- **Study material**
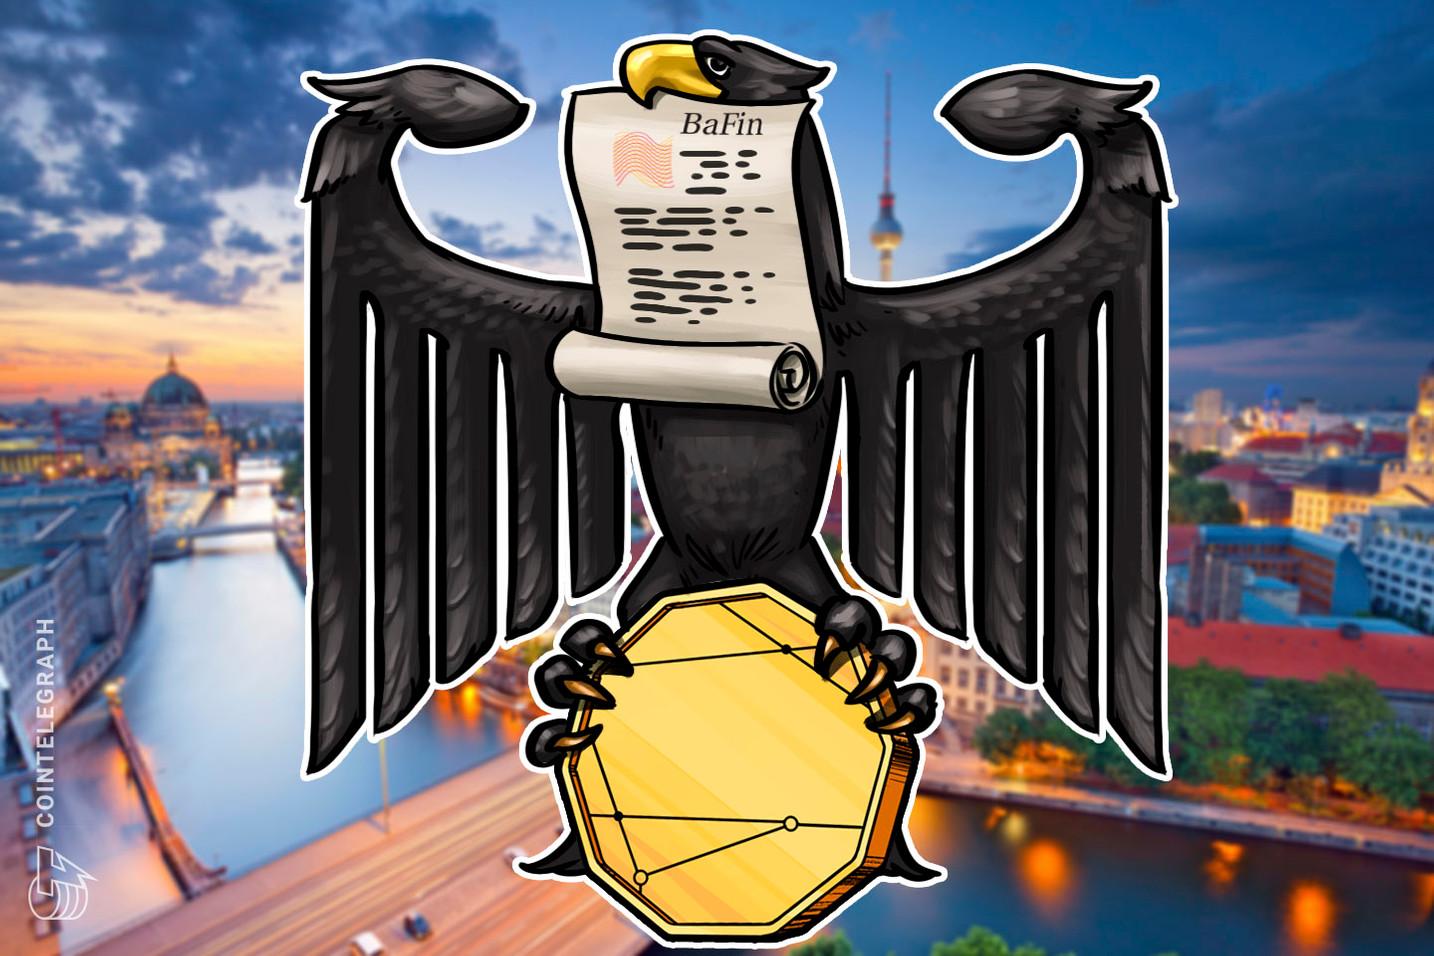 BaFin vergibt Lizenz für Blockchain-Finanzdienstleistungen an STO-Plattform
* * *
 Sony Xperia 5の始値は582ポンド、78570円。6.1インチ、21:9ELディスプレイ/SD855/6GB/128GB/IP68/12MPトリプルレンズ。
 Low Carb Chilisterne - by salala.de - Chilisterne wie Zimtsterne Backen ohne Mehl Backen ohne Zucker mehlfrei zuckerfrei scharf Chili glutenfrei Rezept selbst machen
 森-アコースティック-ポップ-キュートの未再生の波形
==
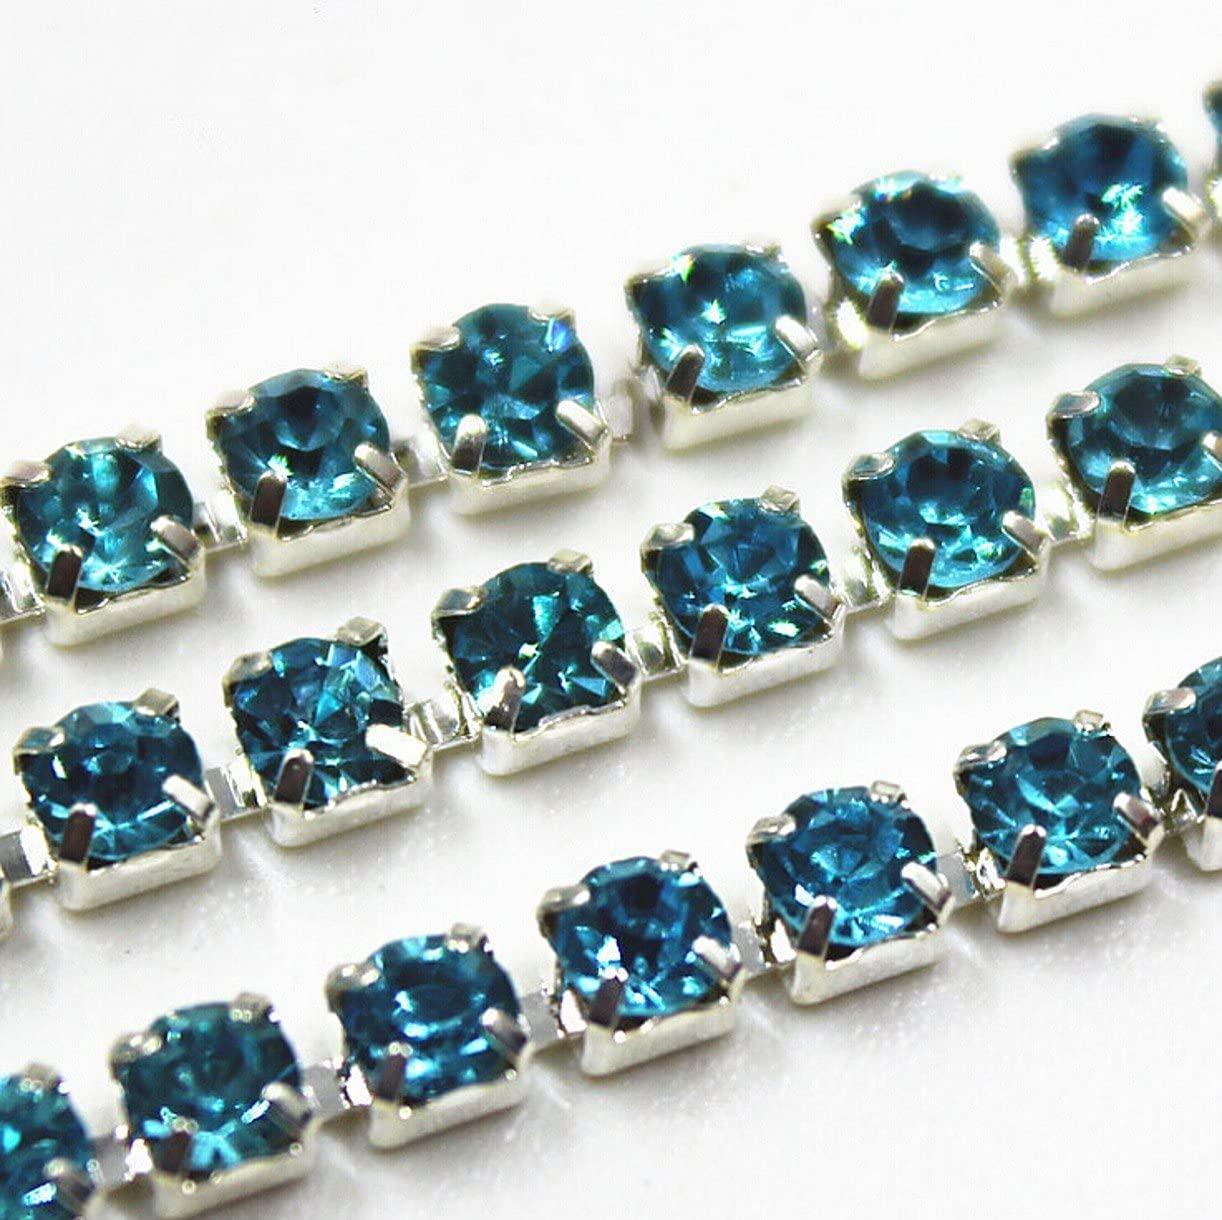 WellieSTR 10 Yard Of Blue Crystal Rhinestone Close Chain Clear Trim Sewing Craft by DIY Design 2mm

- **Task brief**
Please output the lines of the listing above that fall in the stretch from the one with "Low Carb Chilisterne" through the one with "森-アコースティック-ポップ-キュートの未再生の波形", exactly and only those.

- **Exercise response**
 Low Carb Chilisterne - by salala.de - Chilisterne wie Zimtsterne Backen ohne Mehl Backen ohne Zucker mehlfrei zuckerfrei scharf Chili glutenfrei Rezept selbst machen
 森-アコースティック-ポップ-キュートの未再生の波形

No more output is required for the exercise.